The Tidekeepers did not react like the others—not in fear, not in surprise, but with the precision of those executing a familiar protocol.

No cries.

No scrambling.

One inclined his head—barely a motion—eyes flicking to the others in a silent exchange too quick to grasp. Another was already lifting his staff, not in alarm, but with practiced precision.

Now,something in their posture said.

A crushing force snapped around my magic. Cold. Primal. Tight as a vise.

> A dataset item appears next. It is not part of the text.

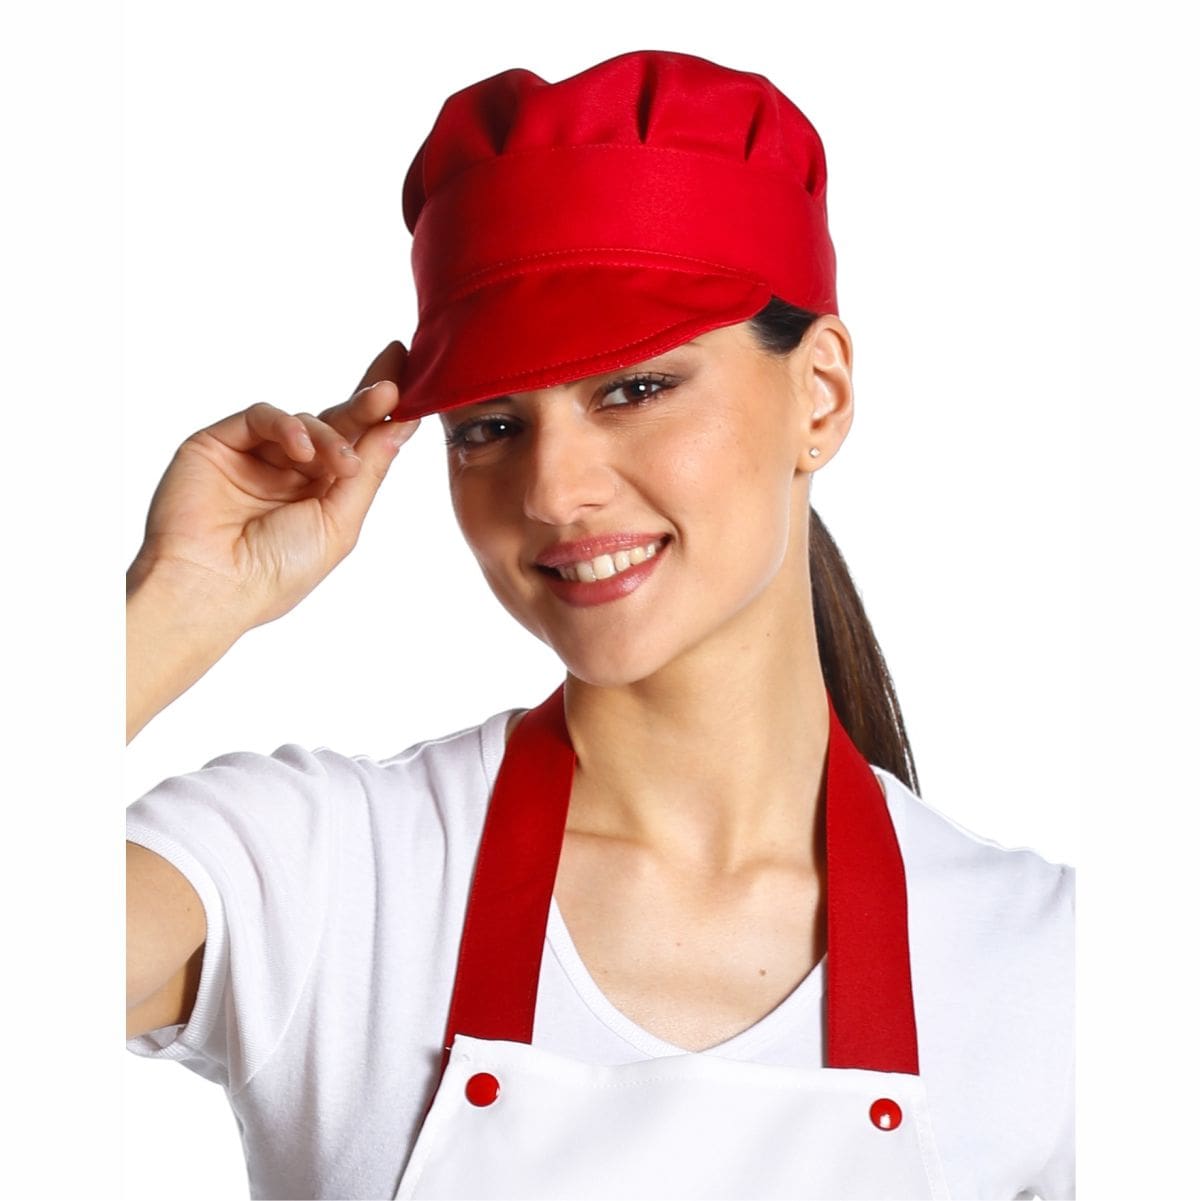 Cappello da Chef elasticizzato sul retro. Lavabile a 40°C. Made in

The Tidekeepers cut me off.

The weight of their power slammed through me. I choked, pain splitting behind my eyes as blood filled my mouth and drifted upward in a thin, scarlet ribbon. My strength went with it—drained so suddenly my vision dimmed at the edges.

I must have pushed too hard. Or not hard enough.

The light collapsed—but the emptiness didn’t. Holding myself upright took more effort than it should have. Something inside me stayed hollow, the song had been cut out mid-note.

The shockwave died in a hard, brutal drop.

The entire chamber had seen it. Felt it. They would never forget it.

Merfolk stepped back from me the way one might retreat from a wounded shark—slow, cautious, eyes sliding away as if looking too long might invite disaster.

Even the pod leaders looked shaken. The Court exhaled in fragments.

Whispers rippled through the gathered merfolk—fear, awe, disbelief tangling in the wake of what I’d done.

The Tidekeepers lowered their staffs in unison, movements precise and controlled. One adjusted the fall of his robe. Another steadied himself. No fear lingered in their eyes.

Only calculation.

A brief glance passed between them—quick, restrained—before Calder inclined his head once, confirming a task completed to satisfaction. Then he turned to the court.

“The imbalance has been contained,” he said calmly. Contained.

Containment required compliance. Resistance made power like mine unpredictable—and unpredictability was the one variable the Tidekeepers refused to gamble with. Abrupt corrections had a way of tearing holes where none had existed before.

Maleia swam to me, gripping my arm harder than she meant to. “Nerina… are you okay? What was that?”

Before I could answer, Calder cut in.

“It was dangerous.”

His tone was quiet, but the word sliced.

“It was uncontrolled,” another Tidekeeper murmured.